3.      “Provide clear, consistent, evidence-based national guidance for how communities should navigate the pandemic — and the resources for schools, small businesses, and families to make it through.”

The responsibility of taking the lead on managing the public amidst the current state of public health would be handed to the Centers for Disease Control from the federal government. Instead, the federal government would help schools, small businesses, and families stay afloat during this time. The government would establish a renewable fund for state and local governments to prevent budgeting shortfalls and provide small businesses a “restart package” that would aid in covering the costs of necessary business adaptations to operate safely, such as Plexiglas and PPE.

4.      “Plan for the effective, equitable distribution of treatments and vaccines.”

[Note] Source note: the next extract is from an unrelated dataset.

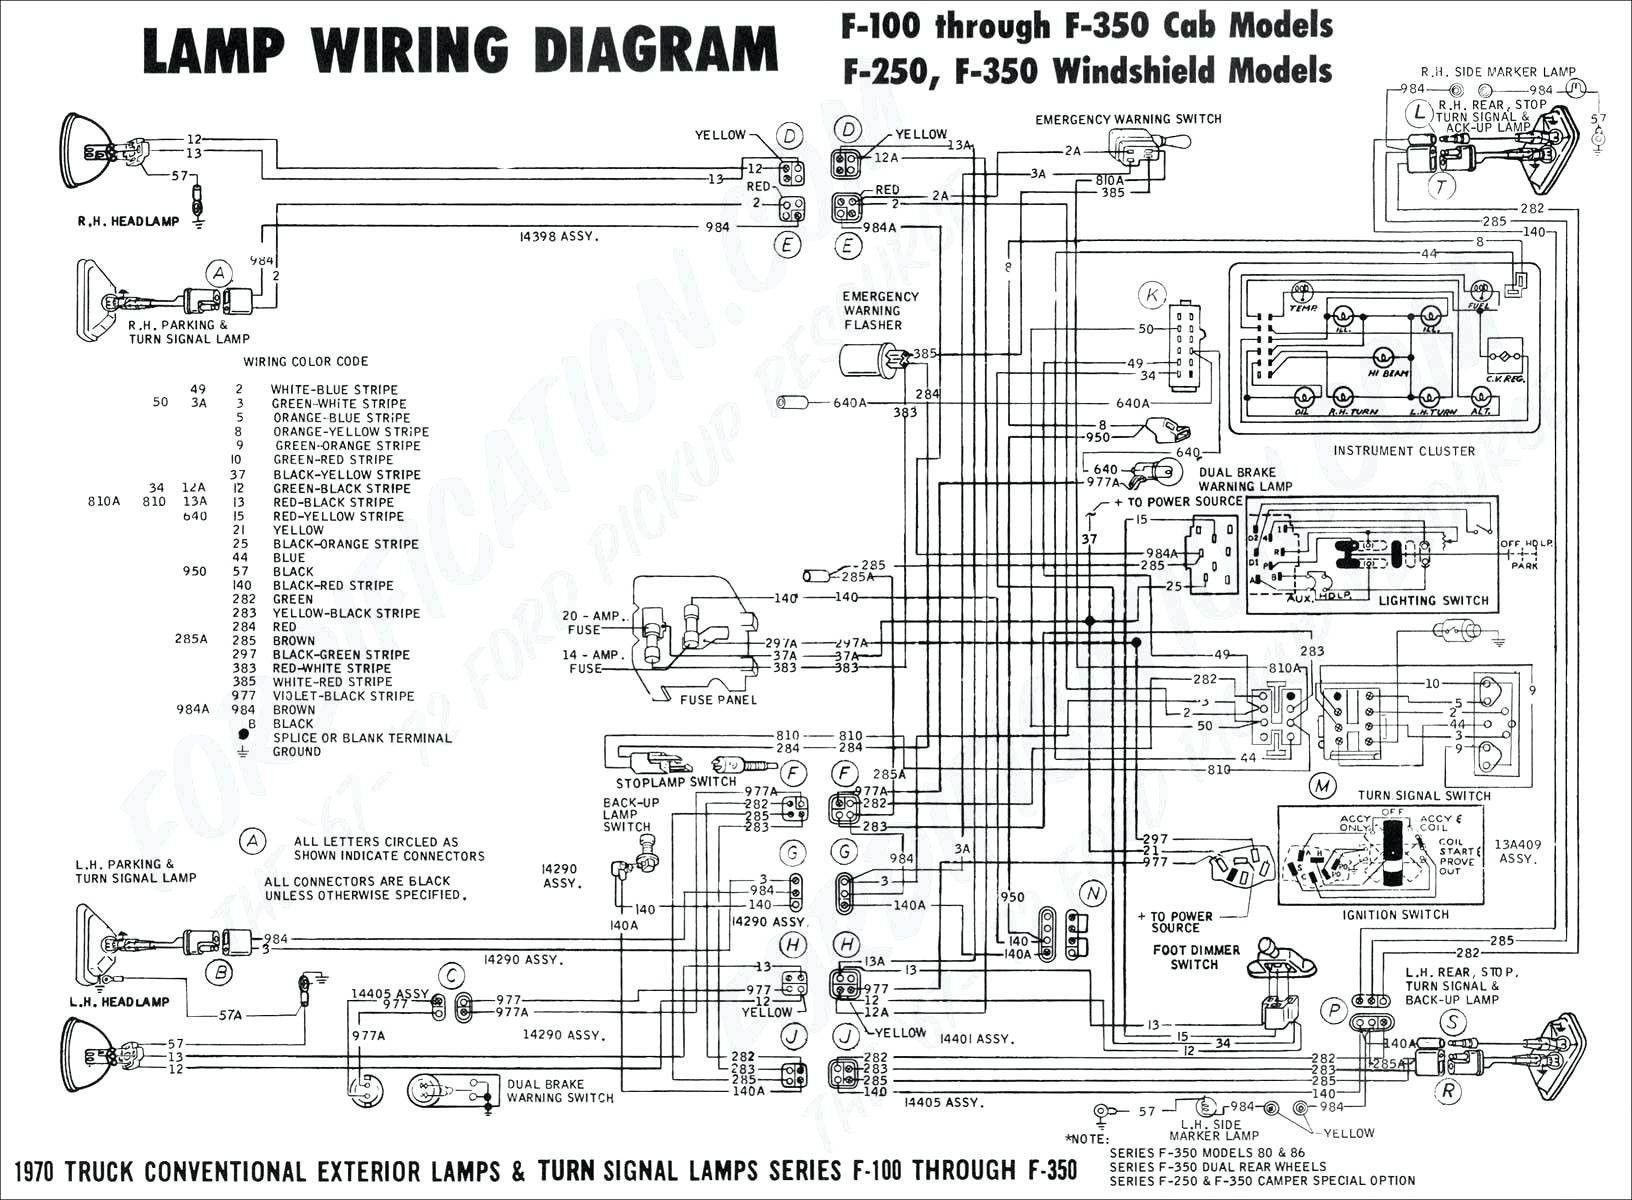 1969 ford 3 Wire Alternator Diagram Lovely Wiring Diagram Vespa Excel 150 Diagrams Of 1969 ford 3 Wire Alternator Diagram

In the event that a vaccine is released and approved by the Food and Drug Administration, the federal government would introduce it to the market in a manner where price inflation does not occur. The vaccine would be available to all, as opposed to the wealthy and well-connected.

5.      “Protect Older Americans and Others at High Risk.”

As proposed by senator Kamala Harris, this sub-policy intends to establish a COVID-19 Racial and Ethnic Disparities Task Force. This task force would provide oversight and recommendations concerning disparities present in the public health and economic response. Further, the flow of information about the coronavirus would be more transparent, assisting elderly Americans in being informed about what precautions they should take.

6.      “Rebuild and expand the defenses that Trump has dismantled to predict, prevent, and mitigate pandemic threats, including those coming from China.”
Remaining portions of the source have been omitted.